Nada más abrir los ojos, Mar no se lanza de la cama: primero mira el móvil "con cariño", lo deja en su sitio y se toma su zumo verde, el ritual que marca el inicio de la jornada.

"Utilizo la alarma del móvil y la pongo en un sonido muy suave porque me molesta mucho levantarme sobresaltada. Si retraso la alarma y le digo que me llame en 5 minutos, ya jamás me levanto", explicó la madrileña.

Su mañana está organizada al milímetro. Después del zumo, se lava los dientes, se viste de deporte y entre las 7 y las 8 de la mañana ya está entrenando.

Tres días a la semana hace pesas y ejercicio cardiovascular y otros dos los reserva para el yoga, una combinación con la que mantiene su figura y, sobre todo, su cabeza en orden.

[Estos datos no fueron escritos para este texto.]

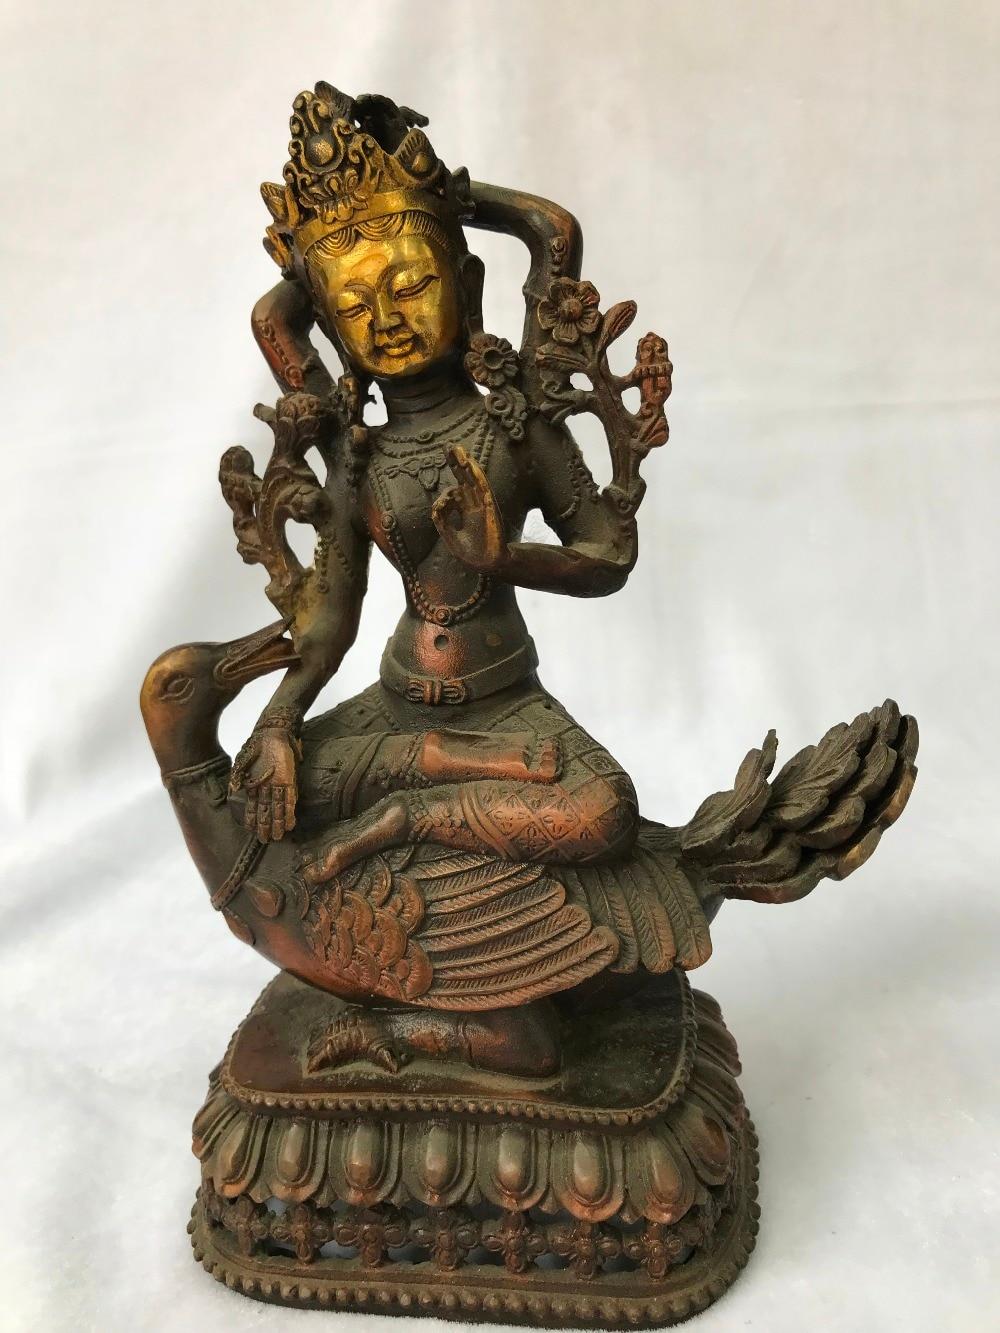 Estatua de bronce Tíbet chino Guan Yin kwan-yin Bodhisattva Diosa en estatua de pato Buda decoraciones para el hogar

Solo después llega el momento de desayunar con sus hijos, llevarlos al colegio y continuar la jornada en la oficina.

Lejos del tópico de la frivolidad asociada al mundo de la moda, Mar se define como una mujer muy organizada y metódica, obsesionada con cuidarse al cien por cien.

Sabe que su trabajo le exige mantener una buena imagen durante años y que eso solo se consigue con disciplina y constancia.

Esa misma filosofía la aplica a la mesa: no le gusta comer fuera porque, cuenta, en casa sigue una rutina muy clara de alimentación basada en proteínas, verduras e hidratos de carbono medidos: "Suelo hacer cinco ingestas al día".

Si el día se lo permite, se concede una siesta, un pequeño respiro que compensa algo la falta de sueño nocturno.

Si no hay tregua, continúa trabajando hasta la hora de recoger a los niños del colegio. Una vez a la semana se permite un capricho con ellos: merendar tortitas; el resto de los días, la merienda suele ser tan simple y saludable como una pieza de fruta.

Las noches también siguen un guion: "Cenamos ya duchados, sobre las 20.30, tres platos. Dos platos y una ensalada o verdura. Comemos bastante bien y no hay postre. A veces un yogur", señaló sobre sus cenas

Todo está pensado para comer "bastante bien" y no romper el equilibrio que tanto le cuesta mantener.